Other pests are the coffee flower midge (Dasyneura coffeae), Soybean pod gall midge, (Asphondylia yushimai) pine needle gall midge (Thecodiplosis japonensis), the lentil flower midge (Contarinia lentis), the lucerne flower midge (C. medicaginis), and the alfalfa sprout midge (Dasineura ignorata) on the Leguminosae; the black locust tree gall midge (Obolodiplosis robiniae), the swede midge (Contarinia nasturtii), and the brassica pod midge (Dasineura brassicae) on the Cruciferae; the pear midge (Contarinia pyrivora) and the raspberry cane midge (Resseliella theobaldi) on fruit crops; Horidiplosis ficifolii on ornamental figs, and the rosette gall midge (Rhopalomyia solidaginis) on goldenrod stalks, Porricondylini spp. on Citrus, Lestremia spp. on sweet potato, yam, ginger, garlic, onions, taro tubers, and potato, Lestodiplosis spp., Acaroletes spp., and Aphidoletes spp. on oranges, and Arthrocnodax spp. on limes.

In South Africa, Dasineura rubiformis has been deployed against the invasive Australian Acacia mearnsii; it oviposits eggs into the flowers which develop into galls, thus reducing seed production.

Parasitoids hosted by Cecidomyiidae include Braconidae (Opiinae, Euphorinae), Eurytomidae, Eulophidae, Torymidae, Pteromalidae, Eupelmidae, Trichogrammatidae, and Aphelinidae.
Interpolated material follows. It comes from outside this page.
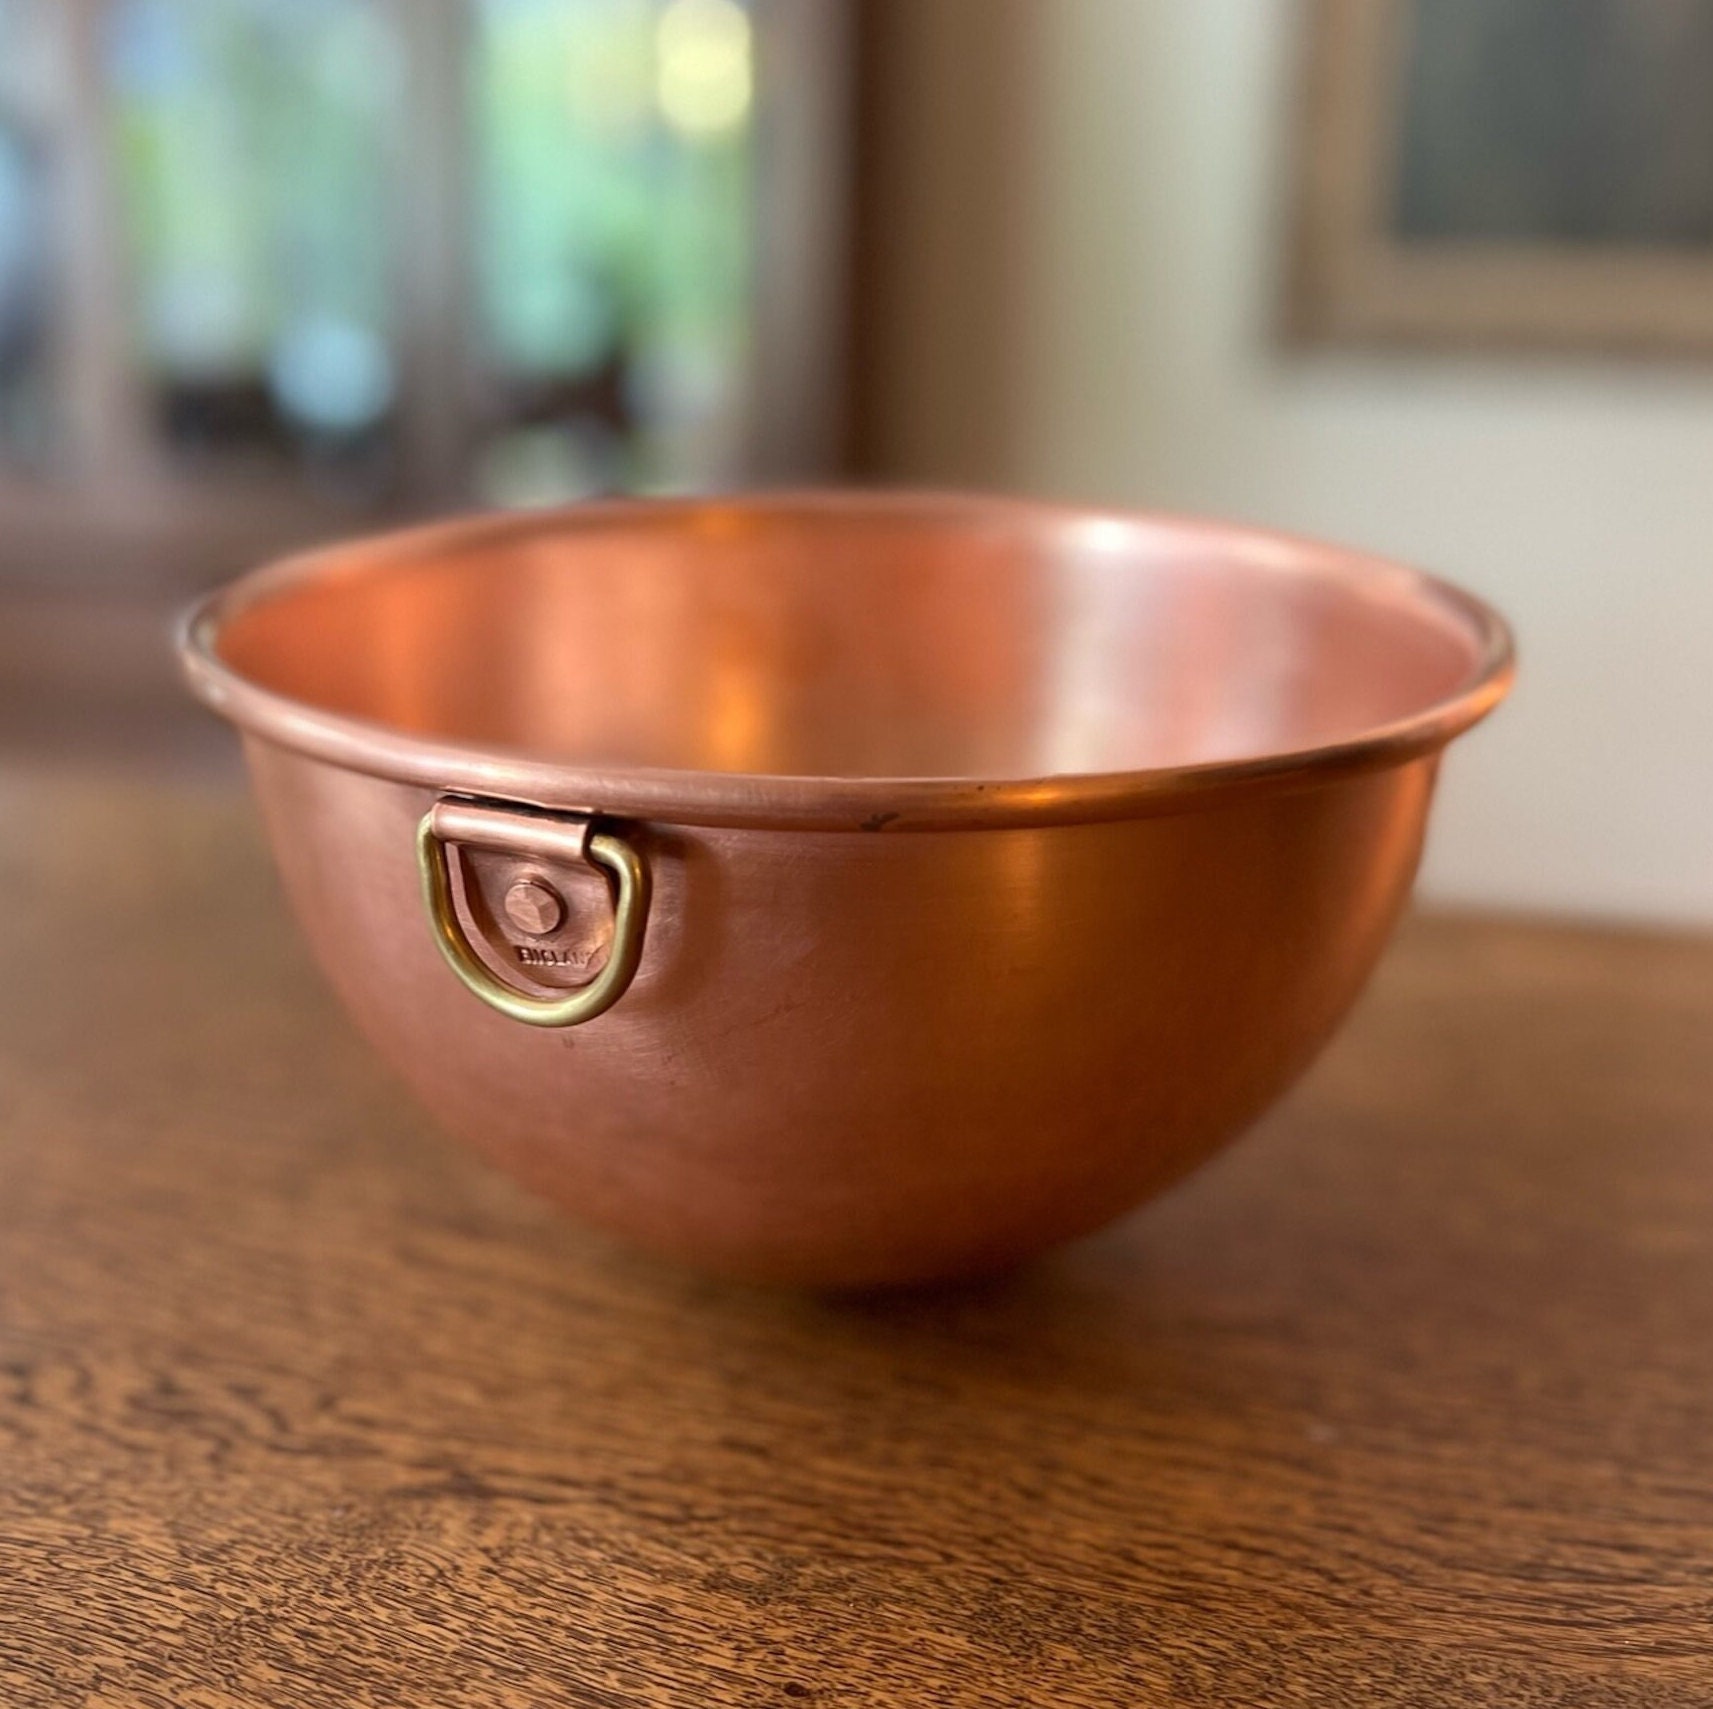 Vintage Copper Mixing Bowl Set of 3 Nesting Made in Korea w/ Brass Ring

All contain species which are actual or potential biological agents.

A large number of gall midge species are natural enemies of other crop pests. Their larvae are predatory, and some are reported as parasitic. The most common prey are aphids and spider mites, followed by scale insects, then other small prey such as whiteflies and thrips, which eat the eggs of other insects or mites. As the larvae are incapable of moving considerable distances, a substantial population of prey must be present before the adults lay eggs, and the Cecidiomyiidae are most frequently seen during pest outbreaks. One species, Aphidoletes aphidimyza, is an important component of biological control programs for greenhouse crops and is widely sold in the United States.